§ DATA SHOWN
== Segment start ==

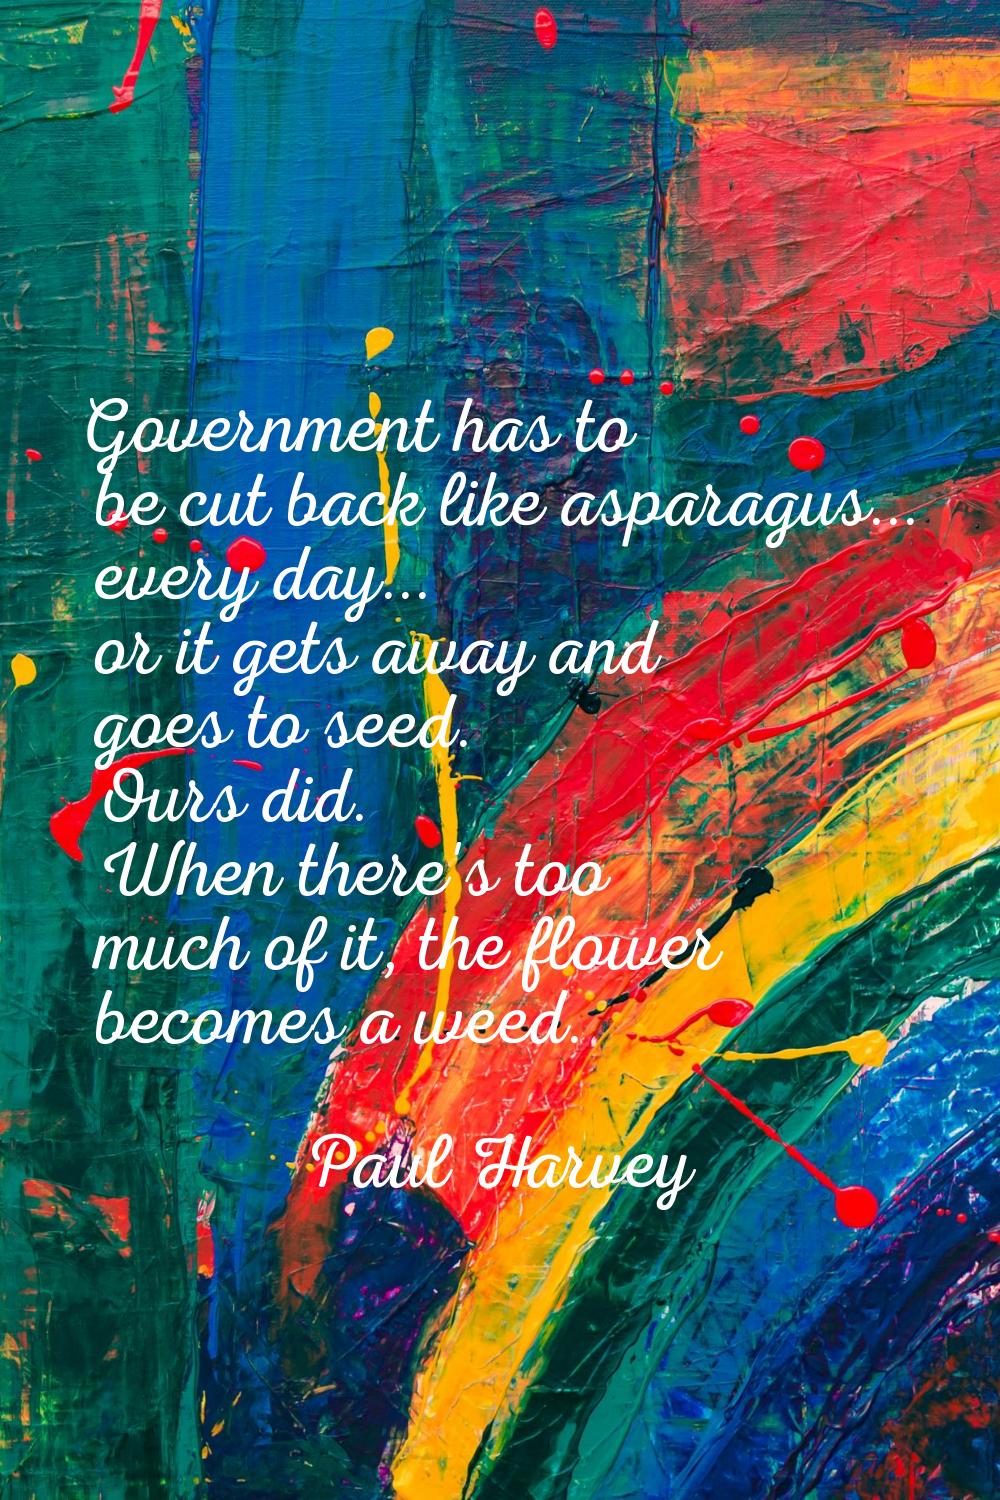 Government has to be cut back like asparagus... every day... or it gets away and goes to seed. Ours
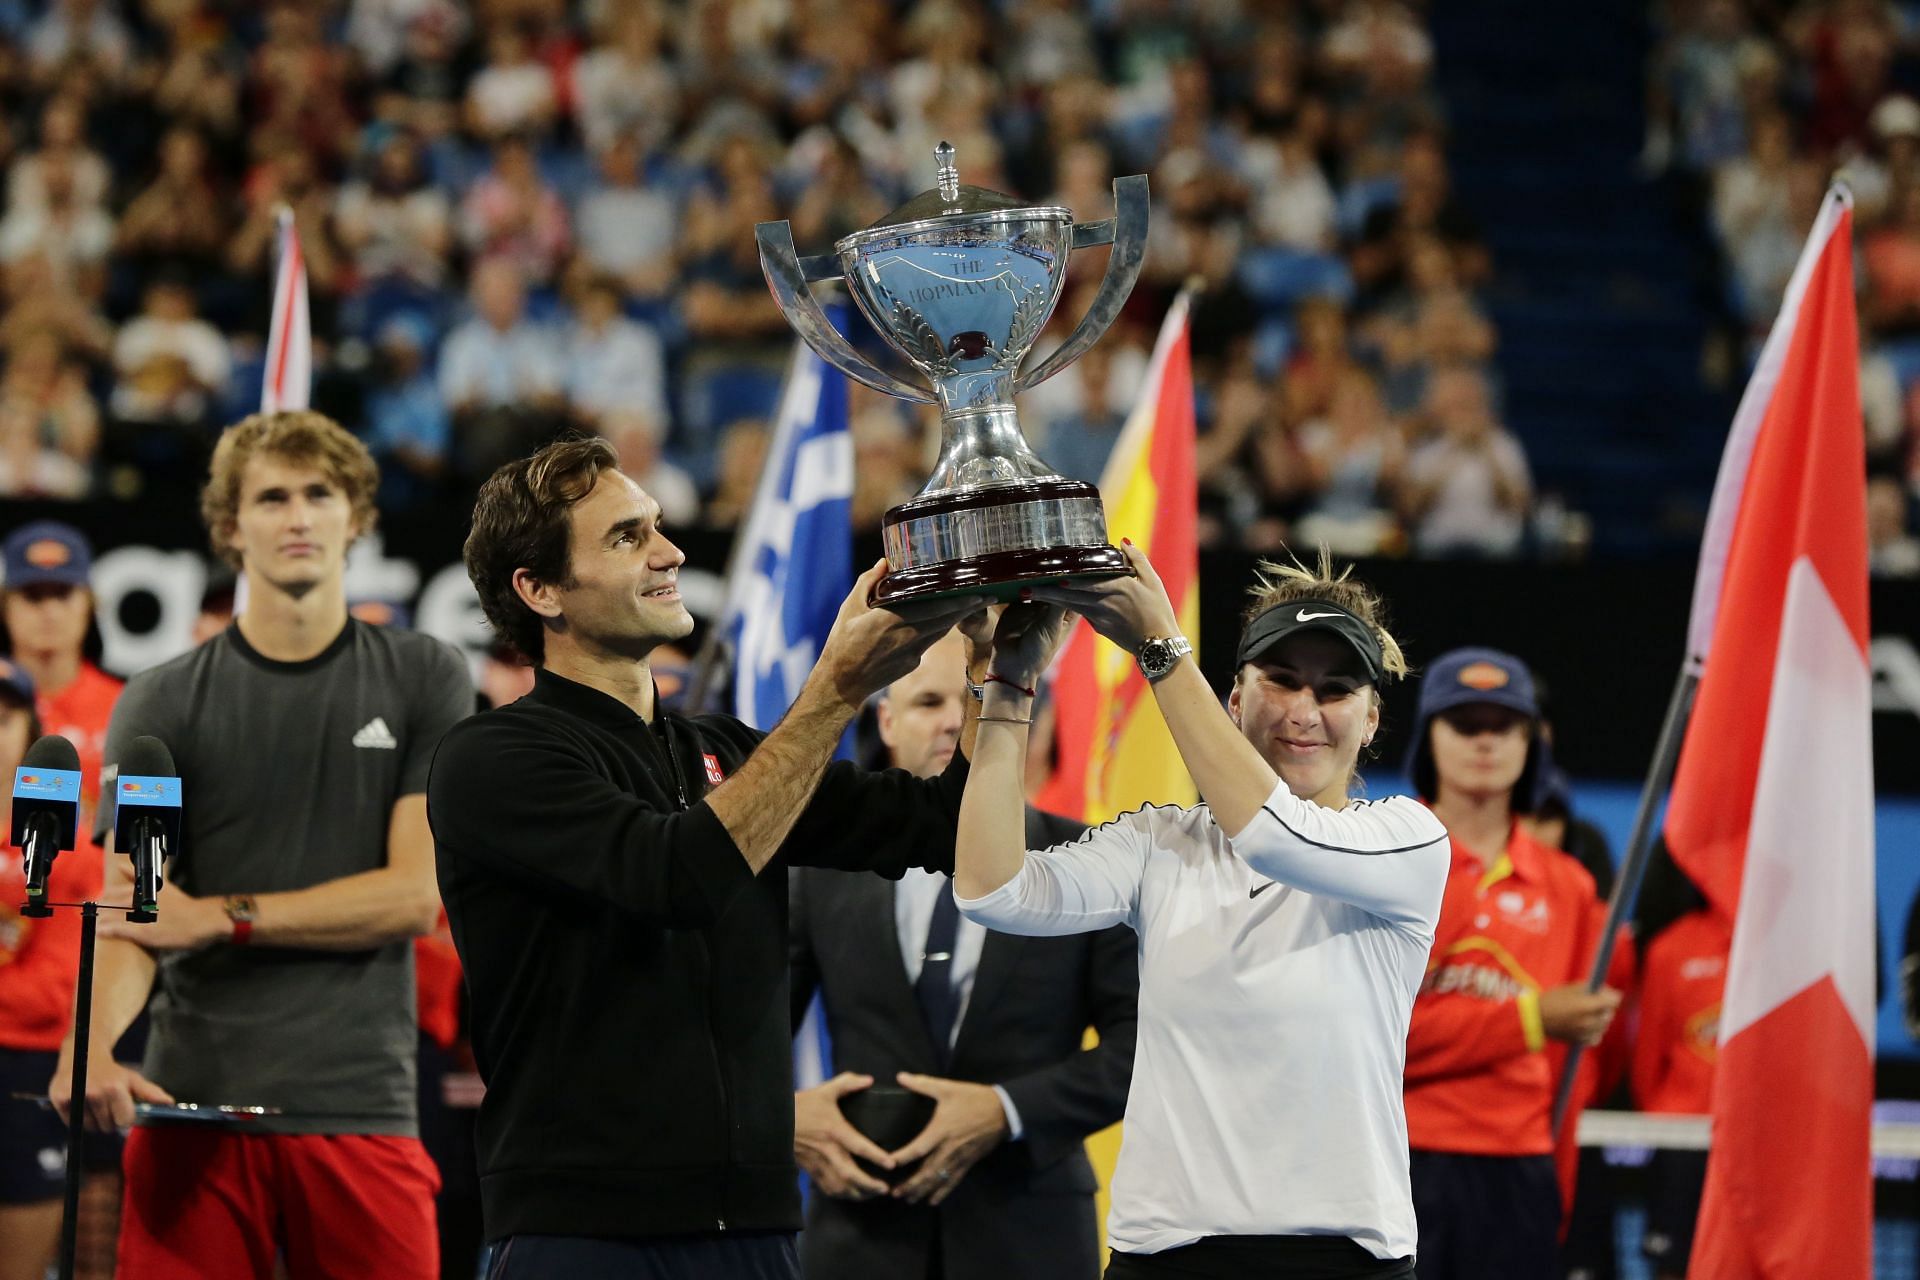 Roger Federer and Belinda Bencic with the 2019 Hopman Cup
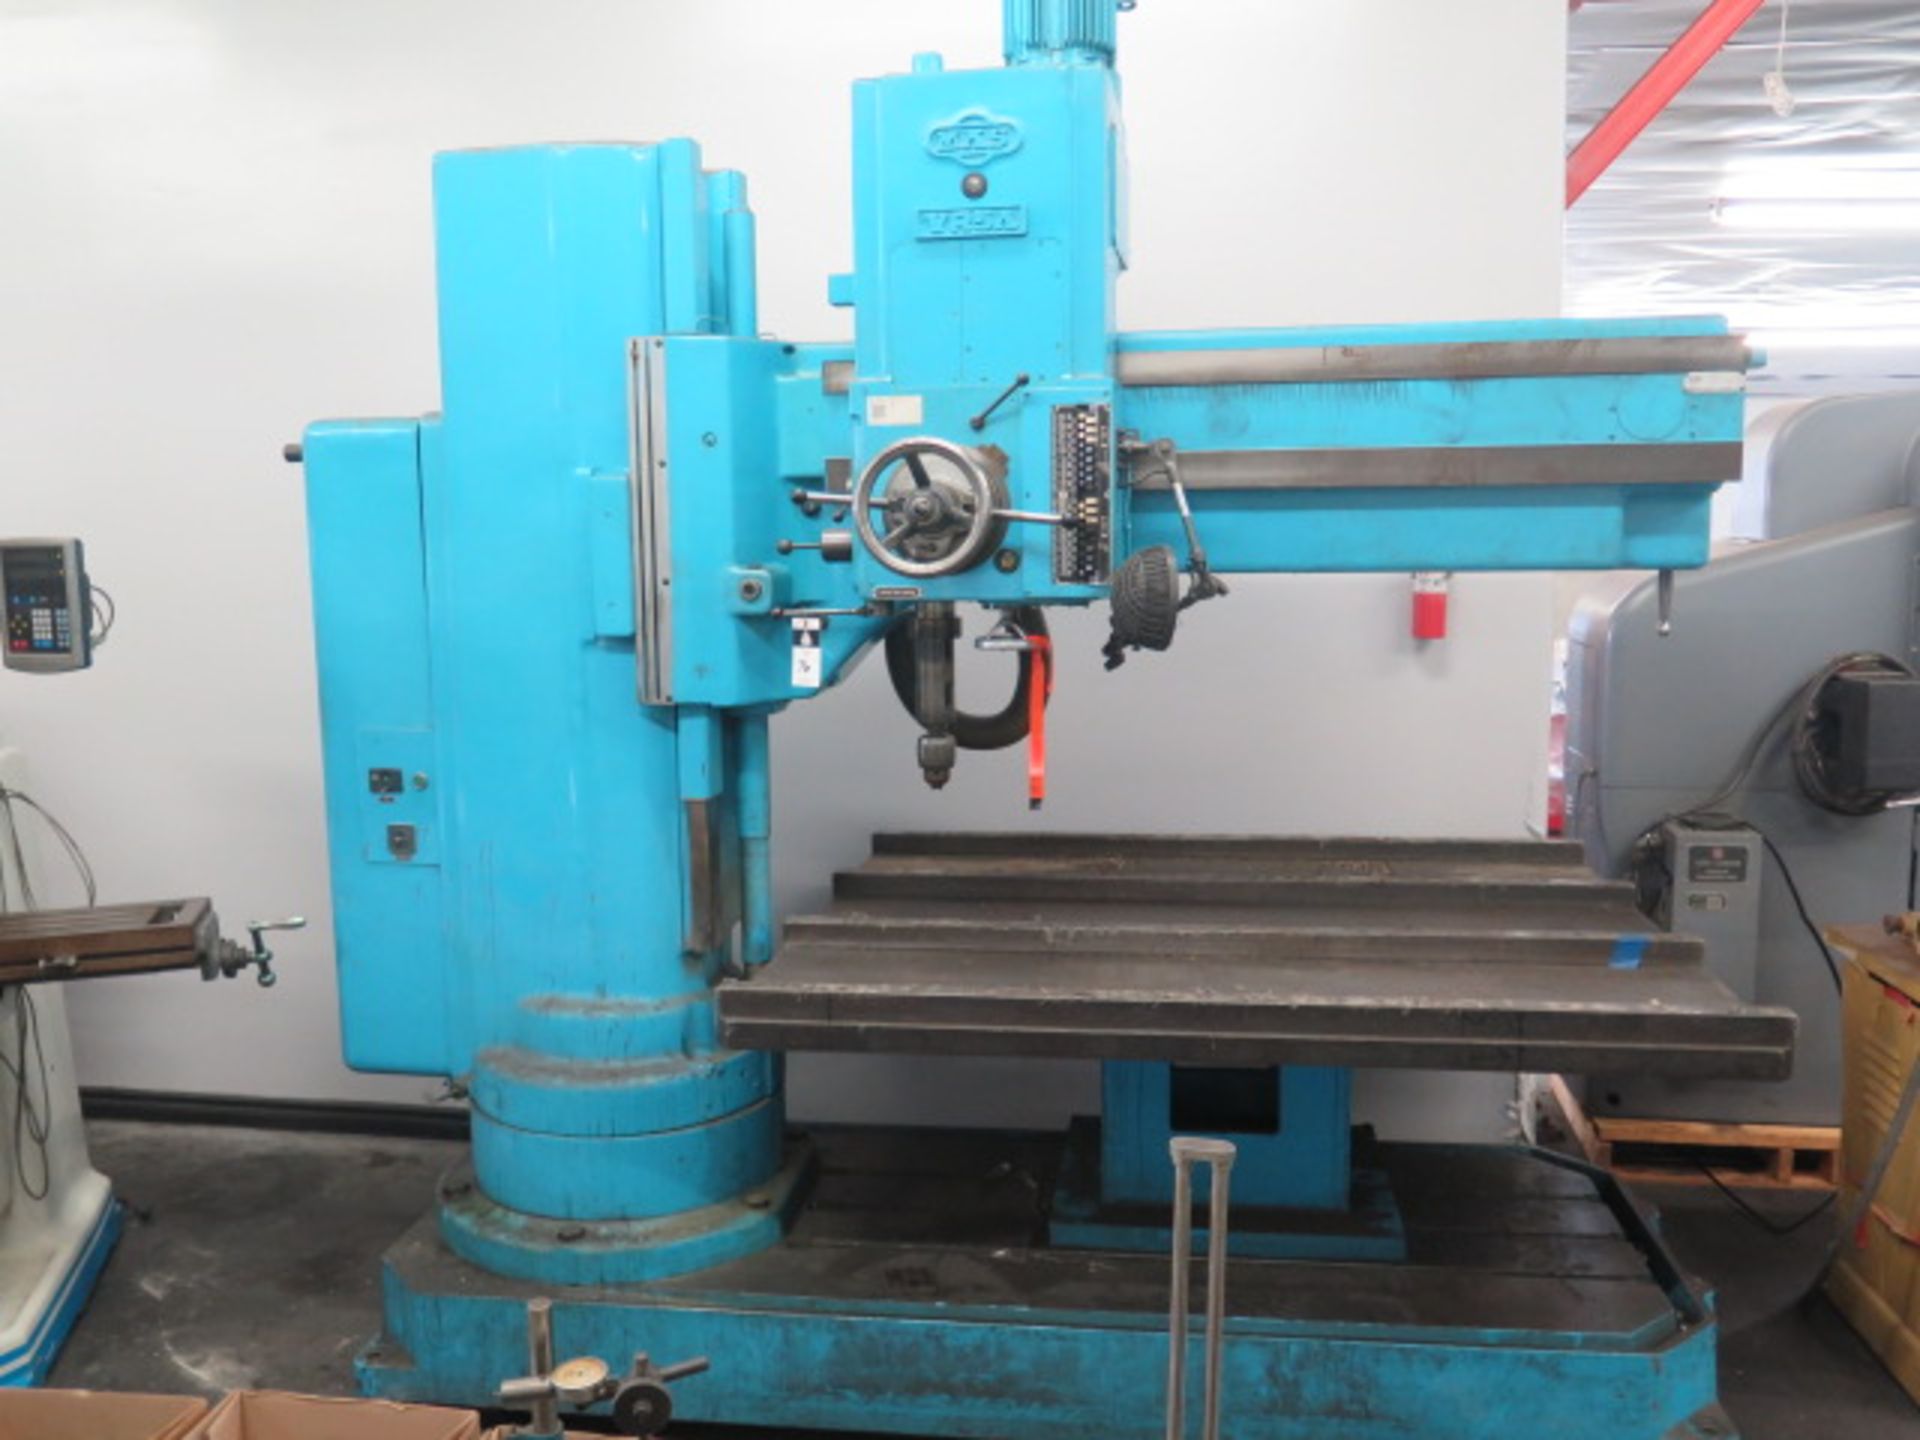 MAS mdl. VR5A 48” Radial Arm Drill, w/ 28-2500 Push Button RPM, Power Feeds, 60” x 72”, SOLD AS IS
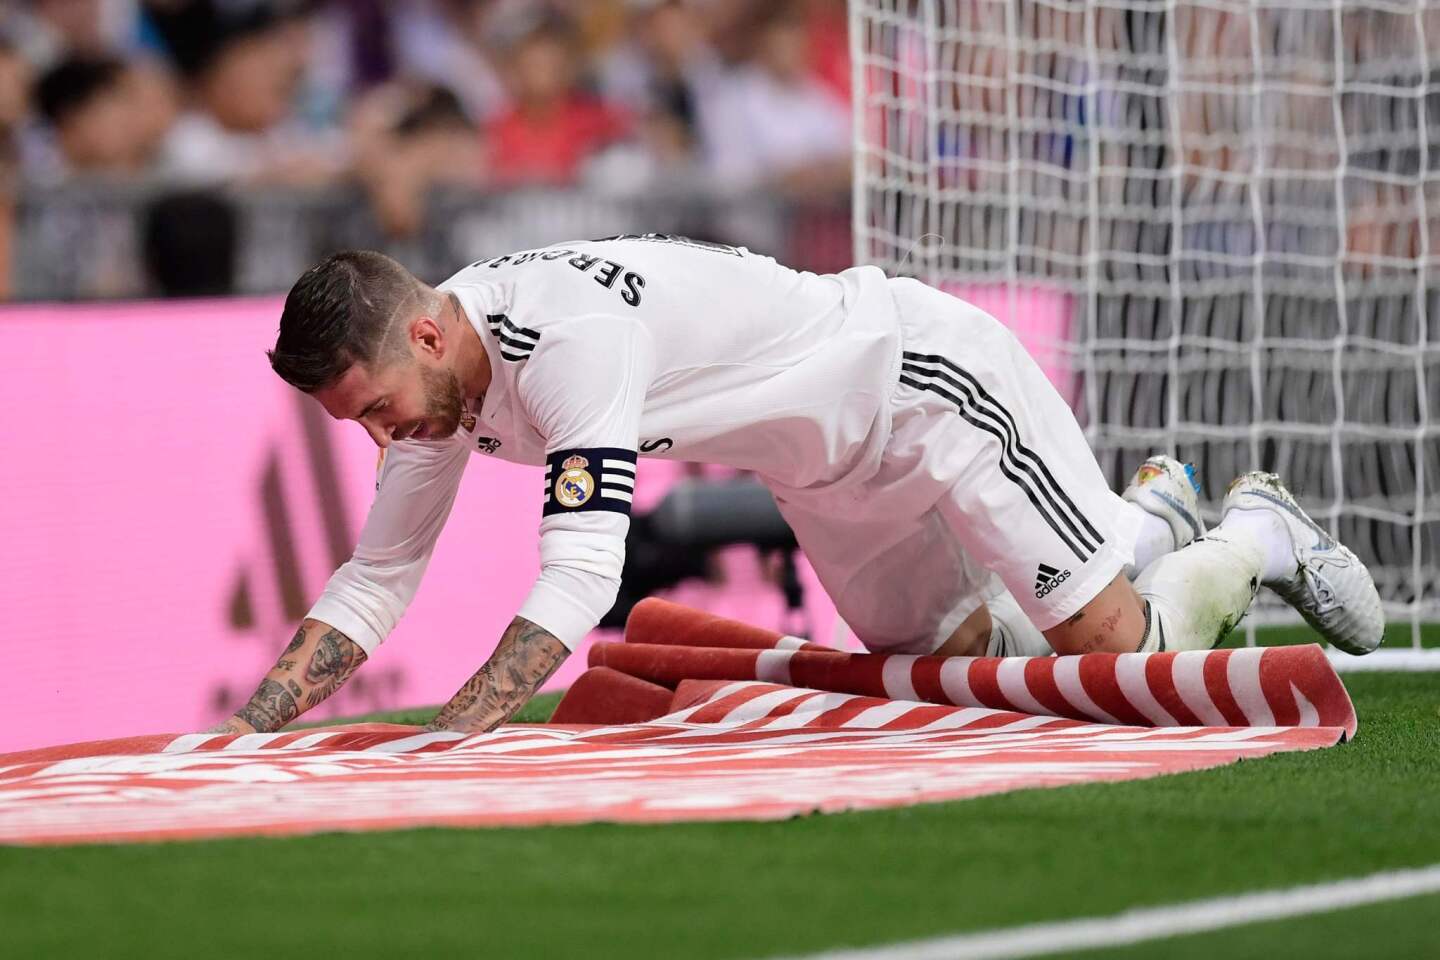 Real Madrid's Spanish defender Sergio Ramos reacts after missing a goal opportunity during the Spanish league football match between Real Madrid CF and RCD Espanyol at the Santiago Bernabeu stadium in Madrid on September 22, 2018. (Photo by JAVIER SORIANO / AFP)JAVIER SORIANO/AFP/Getty Images ** OUTS - ELSENT, FPG, CM - OUTS * NM, PH, VA if sourced by CT, LA or MoD **

== Segment end ==

§ YOUR TASK
Repeat each line of the material exactly, please, and skip every picture.

§ OUTPUT
 Government has to be cut back like asparagus... every day... or it gets away and goes to seed. Ours
 Roger Federer and Belinda Bencic with the 2019 Hopman Cup
 MAS mdl. VR5A 48” Radial Arm Drill, w/ 28-2500 Push Button RPM, Power Feeds, 60” x 72”, SOLD AS IS
 Real Madrid's Spanish defender Sergio Ramos reacts after missing a goal opportunity during the Spanish league football match between Real Madrid CF and RCD Espanyol at the Santiago Bernabeu stadium in Madrid on September 22, 2018. (Photo by JAVIER SORIANO / AFP)JAVIER SORIANO/AFP/Getty Images ** OUTS - ELSENT, FPG, CM - OUTS * NM, PH, VA if sourced by CT, LA or MoD **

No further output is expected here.